Hash Join Slice's execute algorithm (without prefetch inner):
  1. fetch one tuple from outer plan to see if any
  2. if there is no tuple from outer plan, then no need to build hash table, just return NULL
  3. if there is any tuple from outer, then fetch all tuples from inner to build the Hash Table 
 
##Case 2: outer & subplan in joinqual

-- ==============================================
-- outer plan & joinqual
-- ==============================================
create table t_motion_deadlock_1(a int, b int);
create table t_motion_deadlock_2(a int, b int);
create table t_motion_deadlock_3(a int, b int);

insert into t_motion_deadlock_1 select i,i from generate_series(1, 10000)i;
delete from t_motion_deadlock_1 where gp_segment_id <> 1;
insert into t_motion_deadlock_2 select i,i from generate_series(1, 30)i;
insert into t_motion_deadlock_3 select i,i from generate_series(1, 10000)i;

-- hash join
explain (costs off, verbose)
select count(1)
from
  t_motion_deadlock_1 x join t_motion_deadlock_2 y
  on x.b = y.a and
     x.b + y.a > (select count(1) from t_motion_deadlock_3 z where z.b < x.a + y.b);

                                         QUERY PLAN
--------------------------------------------------------------------------------------------
 Finalize Aggregate
   Output: count(1)
   ->  Gather Motion 3:1  (slice1; segments: 3)
         Output: (PARTIAL count(1))
         ->  Partial Aggregate
               Output: PARTIAL count(1)
               ->  Hash Join
                     Hash Cond: (x.b = y.a)
                     Join Filter: ((x.b + y.a) > (SubPlan 1))
                     ->  Redistribute Motion 3:3  (slice2; segments: 3)
                           Output: x.b, x.a
                           Hash Key: x.b
                           ->  Seq Scan on public.t_motion_deadlock_1 x
                                 Output: x.b, x.a
                     ->  Hash
                           Output: y.a, y.b
                           ->  Seq Scan on public.t_motion_deadlock_2 y
                                 Output: y.a, y.b
                     SubPlan 1
                       ->  Aggregate
                             Output: count(1)
                             ->  Result
                                   Filter: (z.b < (x.a + y.b))
                                   ->  Materialize
                                         Output: z.b
                                         ->  Broadcast Motion 3:3  (slice3; segments: 3)
                                               Output: z.b
                                               ->  Seq Scan on public.t_motion_deadlock_3 z
                                                     Output: z.b
 Optimizer: Postgres query optimizer

Deadlock pattern:

Hash Join Slice's execute algorithm (without prefetch joinqual):
  1. fetch a tuple from outer's motion
  2. match a tuple using hash join
  3. check join qual (this will evaluate the SubPlan which contains a motion)
    1. note the SubPlan has a materialize over broadcast to make it rescannable
## Case 3: outer & upper level plannode's plan qual

NOTE: this case does not need any patch, current main branch and 6X all will deadlock.

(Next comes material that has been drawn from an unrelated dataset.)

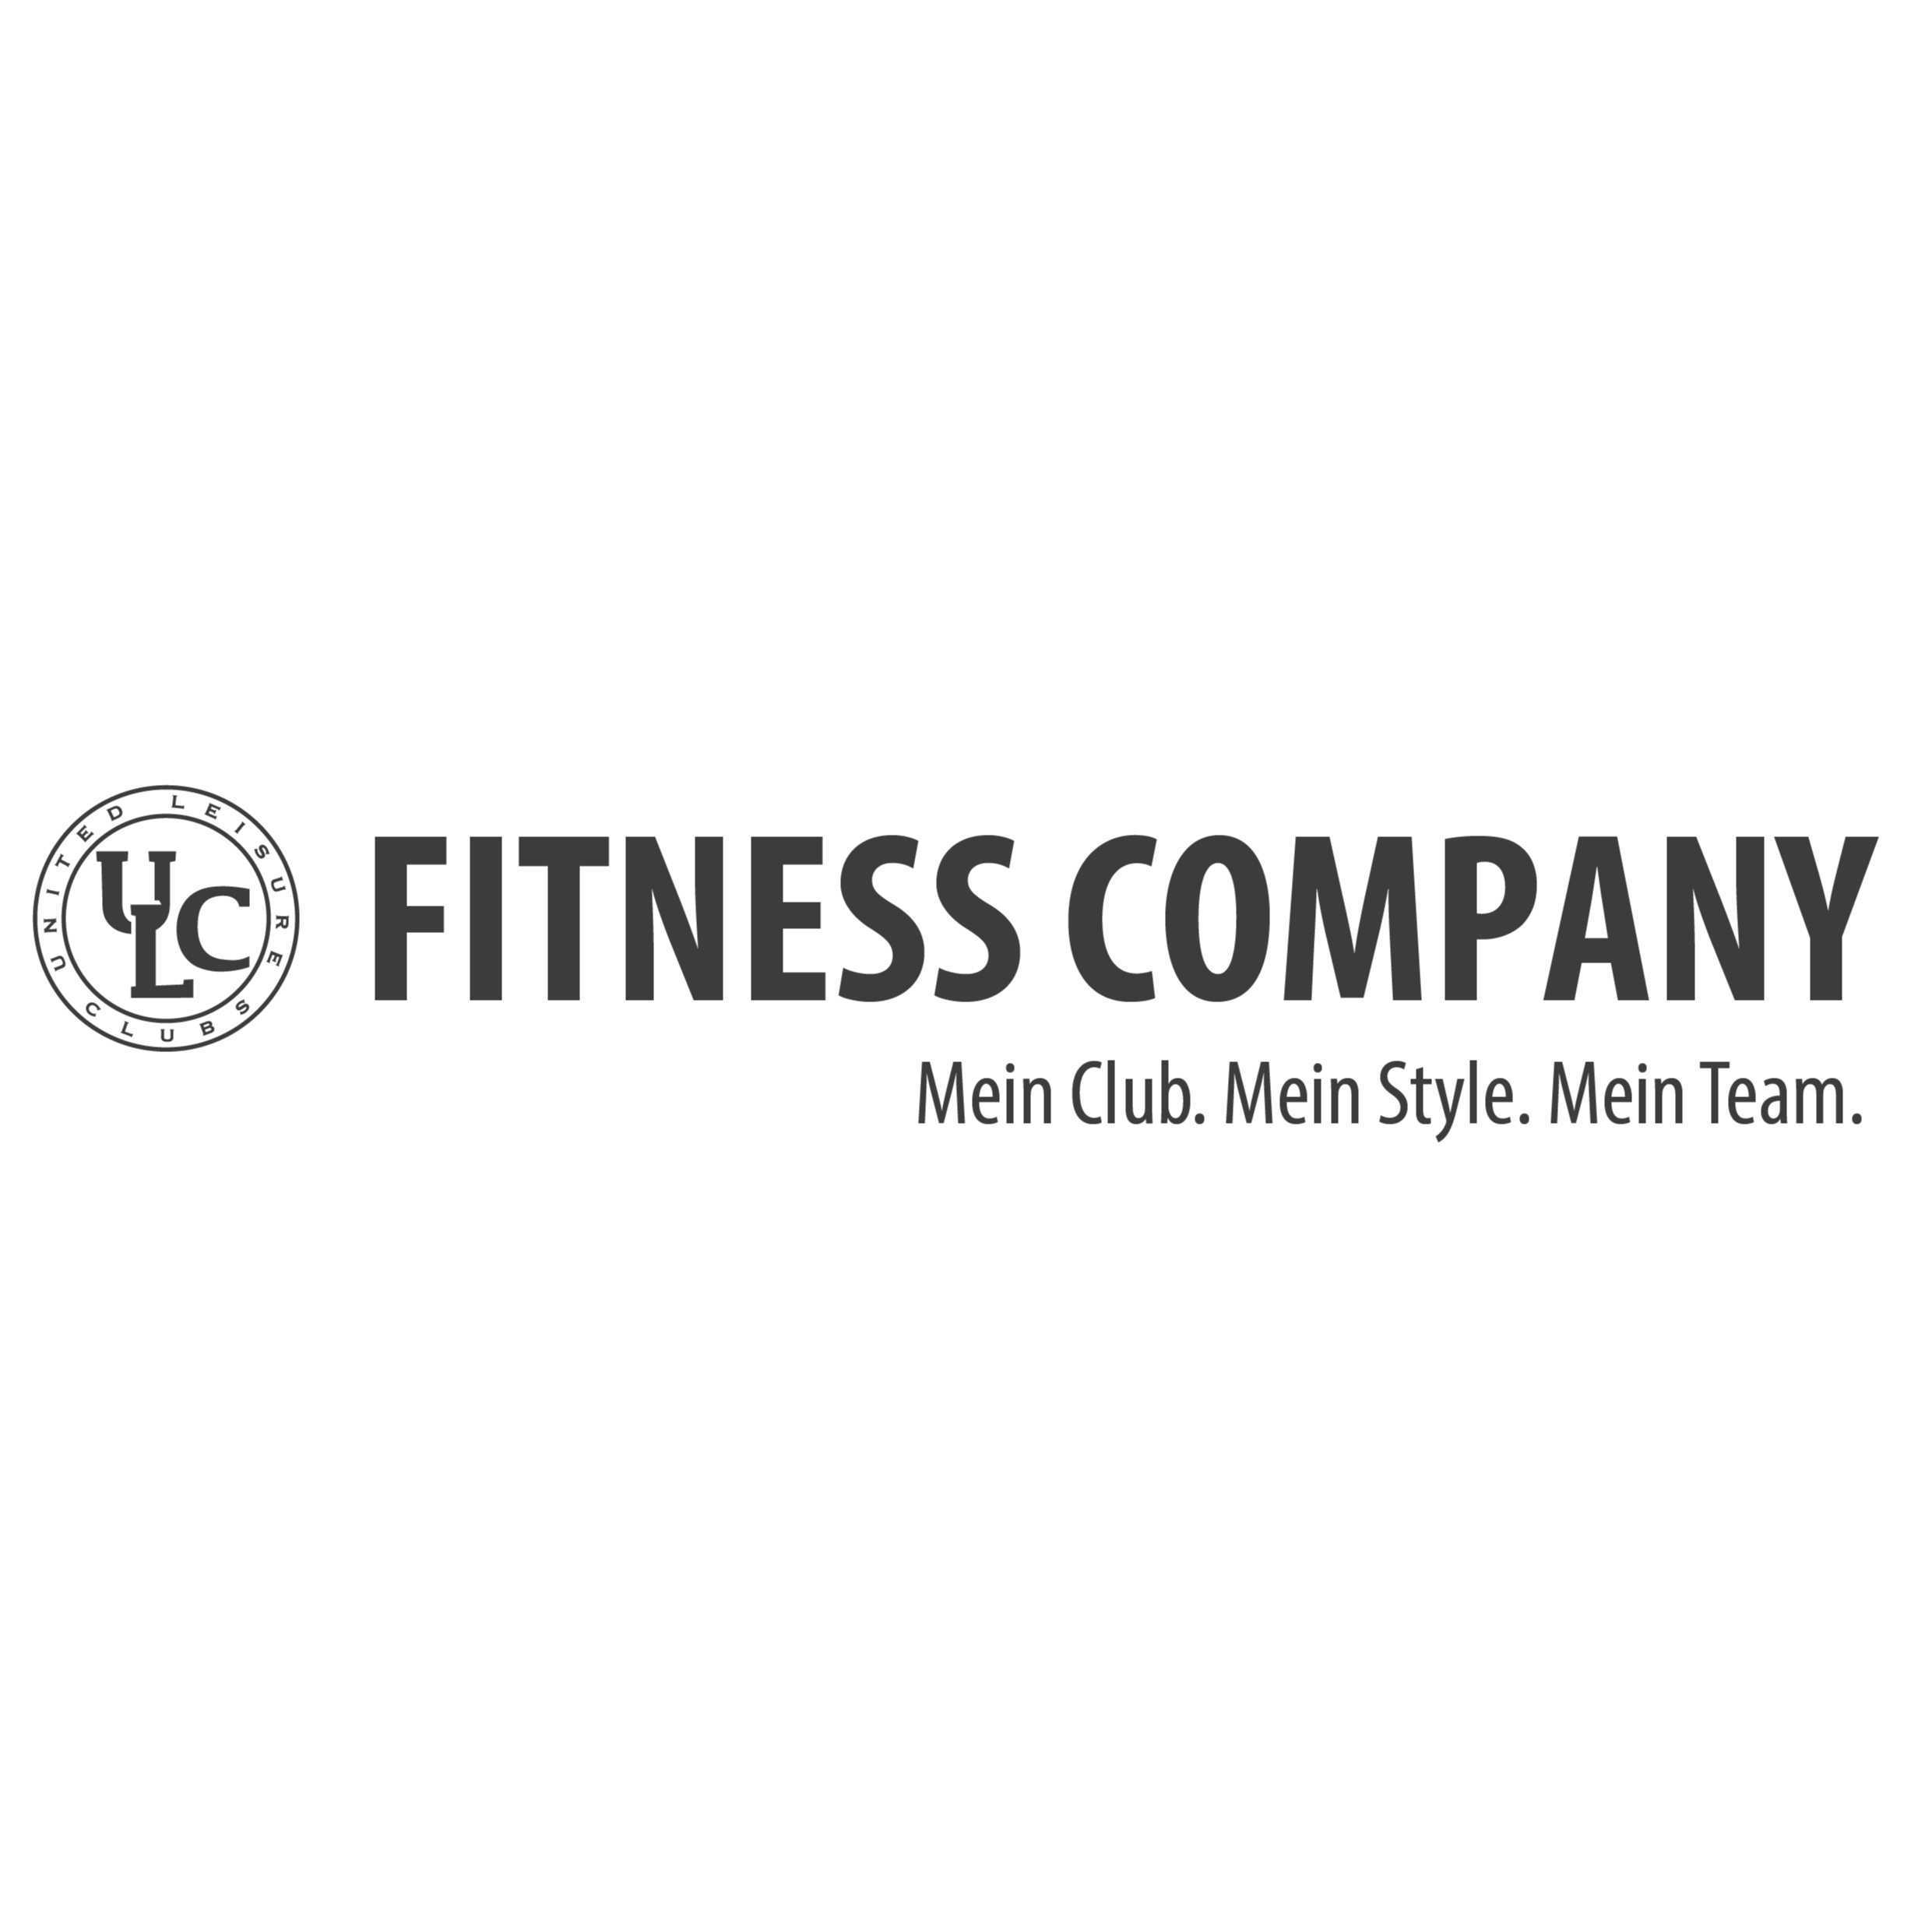 ULC Fitness Company in Bremen - Logo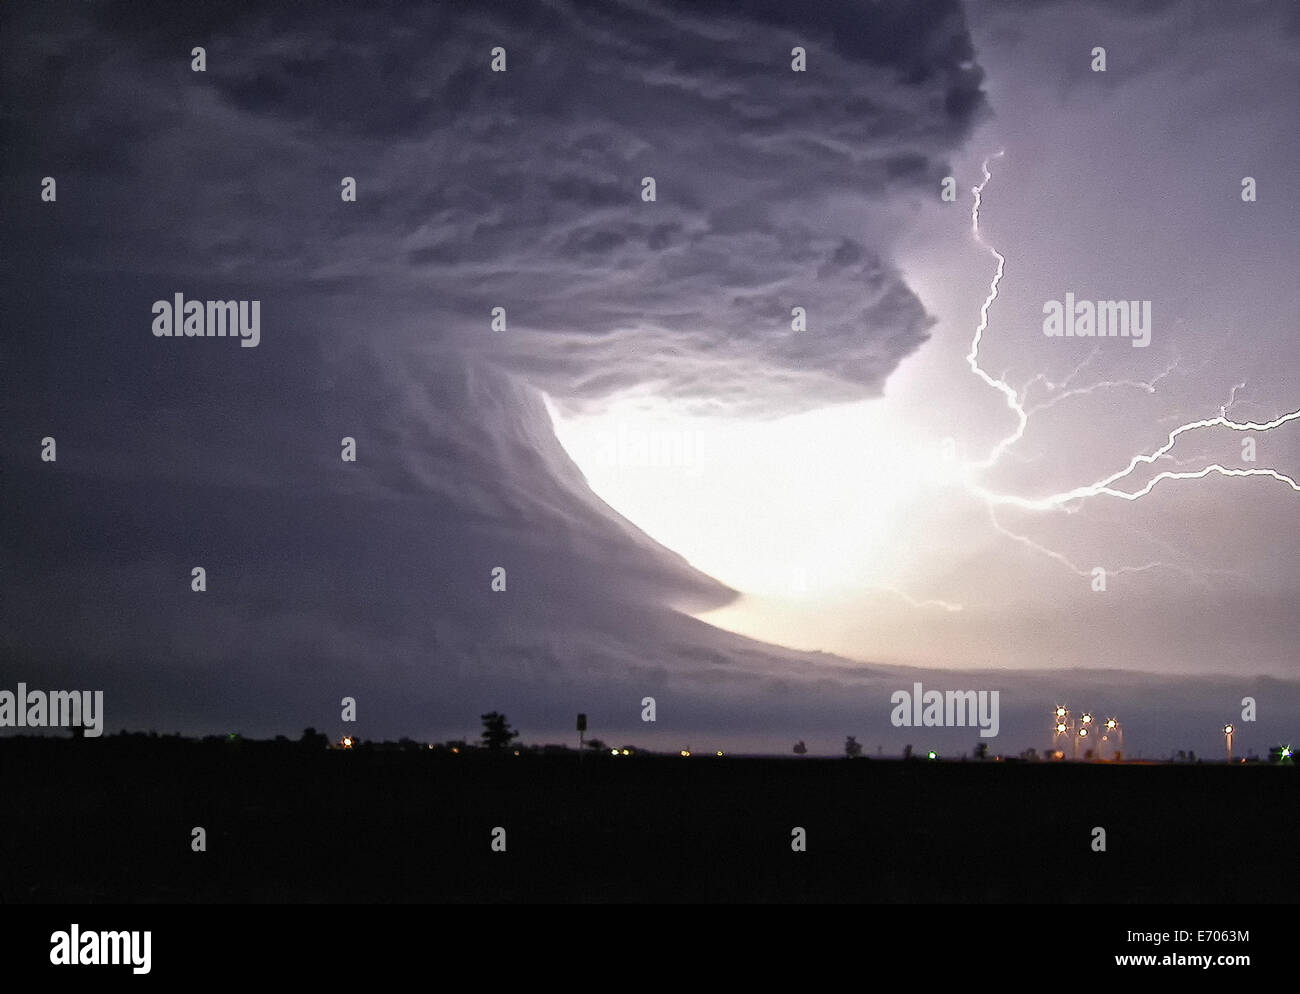 Un explosif de nuage à nuage tire de ce boulon supercell tornadiques avec rotation très structurés, Pampa, Texas, USA Banque D'Images

The table and data is just the same as Case 2, and the SQL is also the same, just using ORCA.
gpadmin=# explain (costs off, verbose) select count(1)
from
  t_motion_deadlock_1 x join t_motion_deadlock_2 y
  on x.b = y.a and
     x.b + y.a > (select count(1) from t_motion_deadlock_3 z where z.b < x.a + y.b);
                                                          QUERY PLAN
------------------------------------------------------------------------------------------------------------------------------
 Finalize Aggregate
   Output: count(1)
   ->  Gather Motion 3:1  (slice1; segments: 3)
         Output: (PARTIAL count(1))
         ->  Partial Aggregate
               Output: PARTIAL count(1)
               ->  Result
                     Filter: ((t_motion_deadlock_1.b + t_motion_deadlock_2.a) > (SubPlan 1))
                     ->  Hash Join
                           Output: t_motion_deadlock_1.a, t_motion_deadlock_1.b, t_motion_deadlock_2.a, t_motion_deadlock_2.b
                           Hash Cond: (t_motion_deadlock_1.b = t_motion_deadlock_2.a)
                           ->  Redistribute Motion 3:3  (slice2; segments: 3)
                                 Output: t_motion_deadlock_1.a, t_motion_deadlock_1.b
                                 Hash Key: t_motion_deadlock_1.b
                                 ->  Seq Scan on public.t_motion_deadlock_1
                                       Output: t_motion_deadlock_1.a, t_motion_deadlock_1.b
                           ->  Hash
                                 Output: t_motion_deadlock_2.a, t_motion_deadlock_2.b
                                 ->  Seq Scan on public.t_motion_deadlock_2
                                       Output: t_motion_deadlock_2.a, t_motion_deadlock_2.b
                     SubPlan 1
                       ->  Aggregate
                             Output: count(1)
                             ->  Result
                                   Filter: (t_motion_deadlock_3.b < (t_motion_deadlock_1.a + t_motion_deadlock_2.b))
                                   ->  Materialize
                                         Output: t_motion_deadlock_3.b
                                         ->  Broadcast Motion 3:3  (slice3; segments: 3)
                                               Output: t_motion_deadlock_3.b
                                               ->  Seq Scan on public.t_motion_deadlock_3
                                                     Output: t_motion_deadlock_3.b
 Optimizer: Pivotal Optimizer (GPORCA)

Deadlock pattern:
  1. The Result plan (over a HashJoin, and contains a SubPlan in its filter) fetch a tuple from its left tree (Hash Join)
  2. The HashJoin fetch one tuple from its outer via Motion
  3. The Hash Join match a tuple and return to its parent (the Result)
  4. The Result node evaluate its fitler (plan qual) which will evalute the SubPlan containing the motion
    1. note the SubPlan has a materialize over broadcast to make it rescannable

## Case 4: outer & join's planqual (very very similar to the above case 3)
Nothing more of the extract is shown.